Leave out pictures; repeat exactly the lines from the "Письмо Минстроя РФ" line through the last of the data below.
** Supplied data follows **
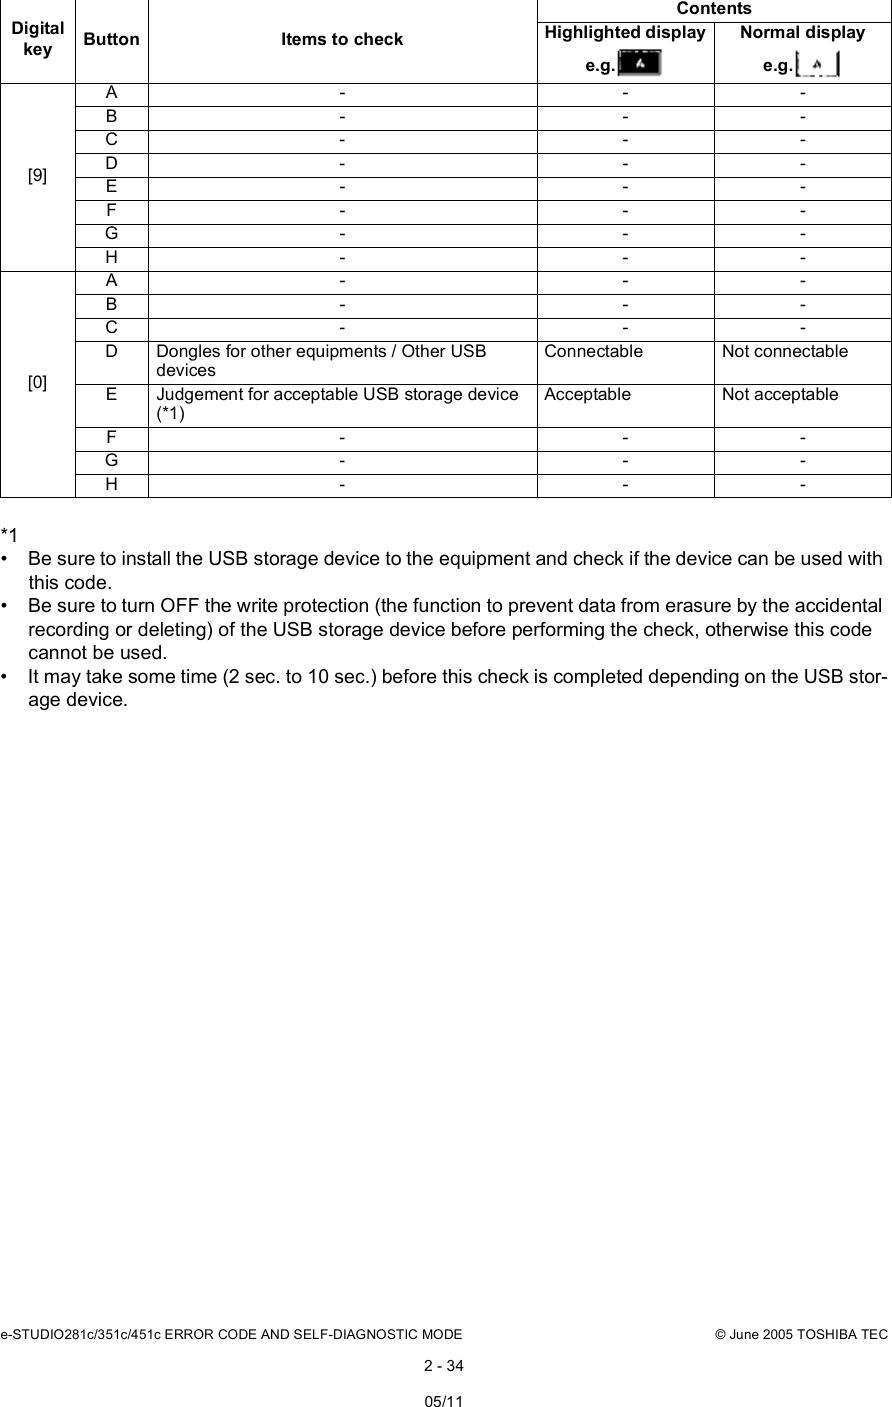 Toshiba Printer 281C Troubleshooting FC 451C_SH_EN_0004
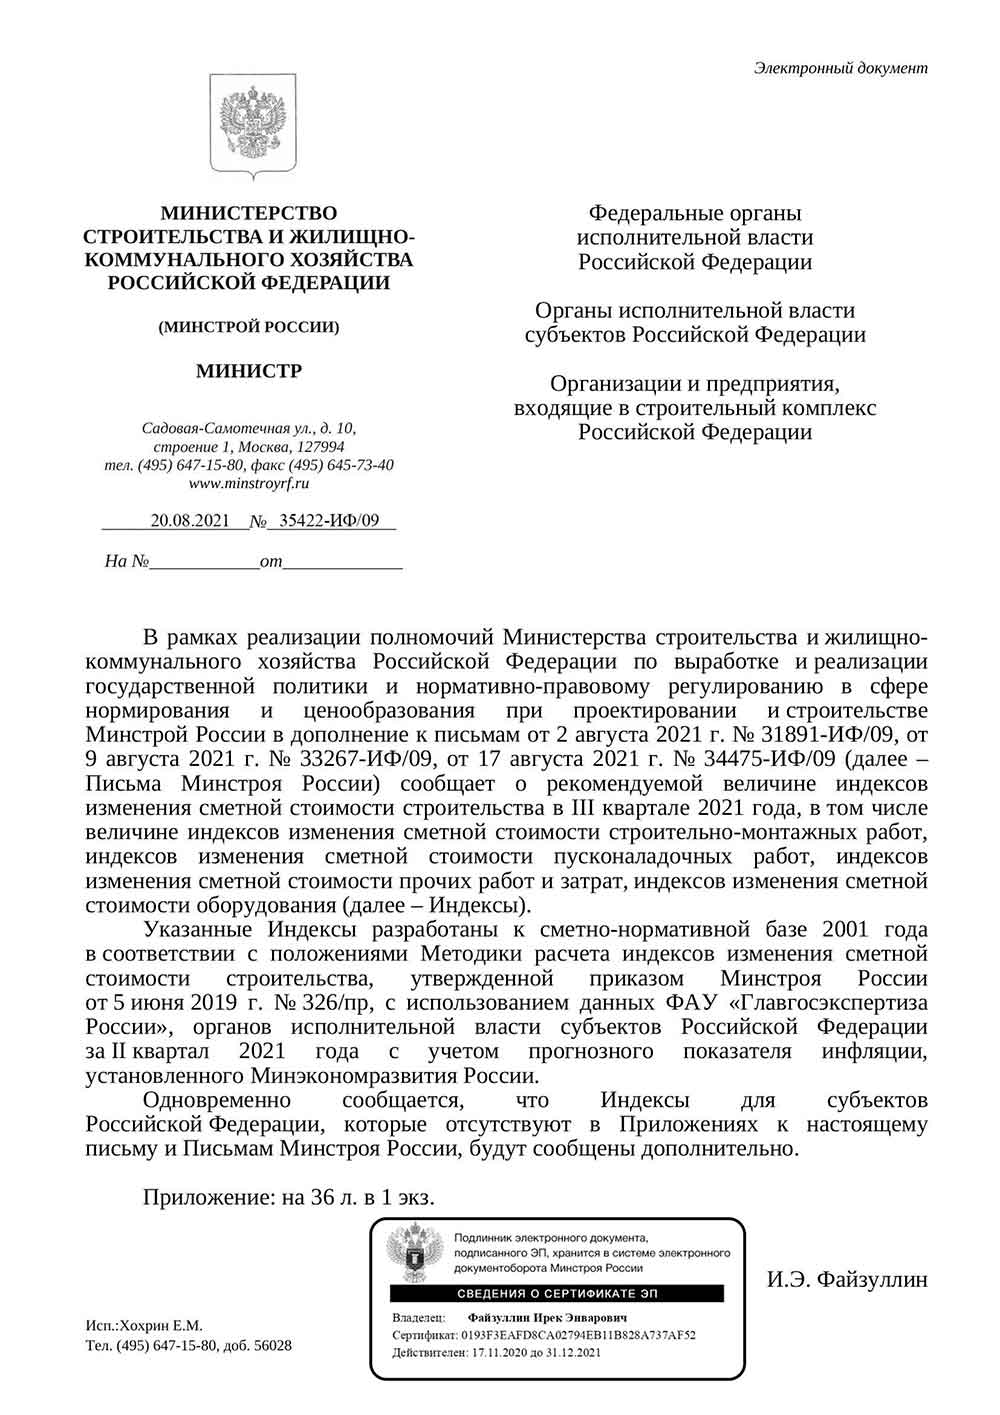 Письмо Минстроя РФ №35422-ИФ/09 от 20.08.2021 г.
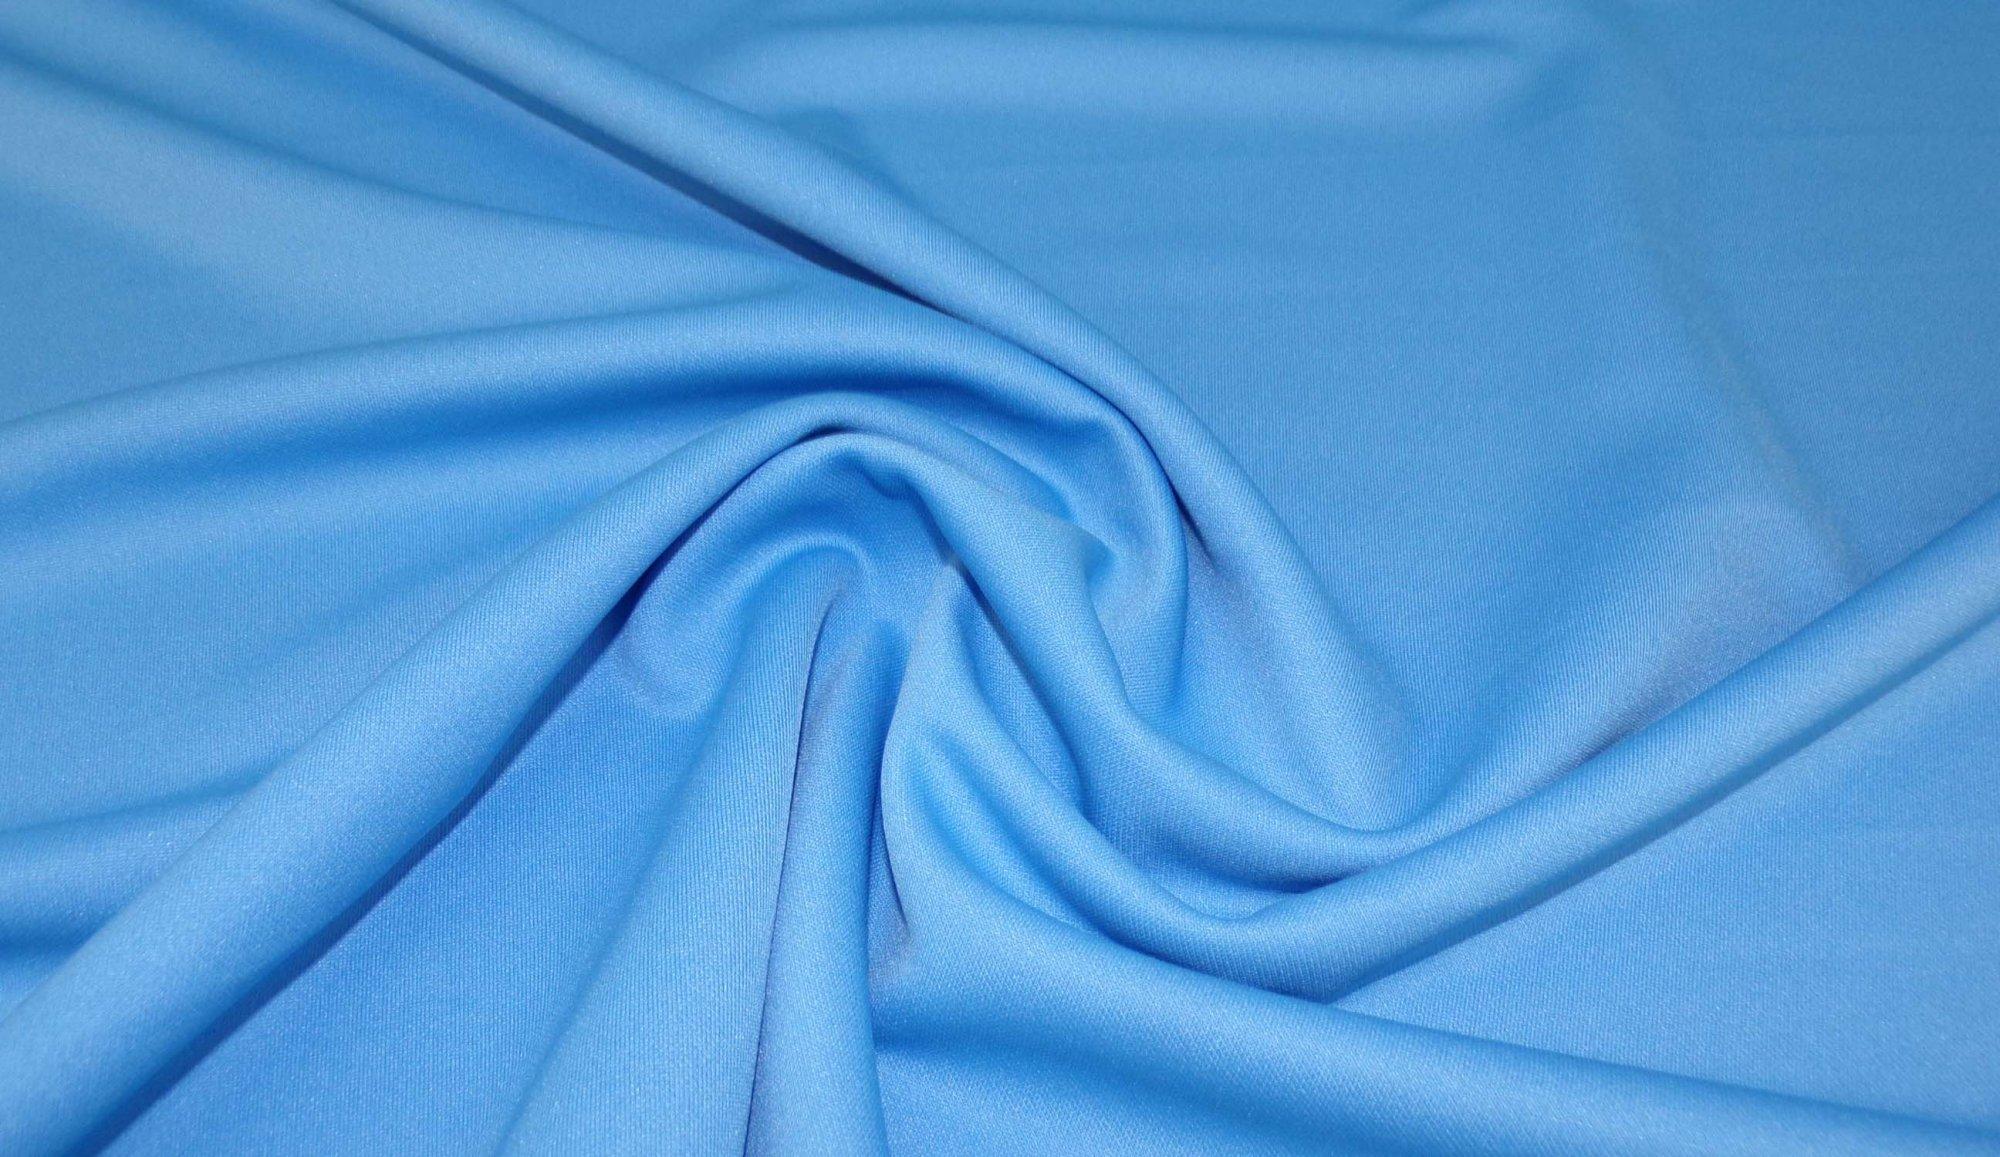 Blue Ponte (Scuba) Knit - 8 oz - 60in
** End of Supplied data **
--- Task result ---
 Письмо Минстроя РФ №35422-ИФ/09 от 20.08.2021 г.
 Blue Ponte (Scuba) Knit - 8 oz - 60in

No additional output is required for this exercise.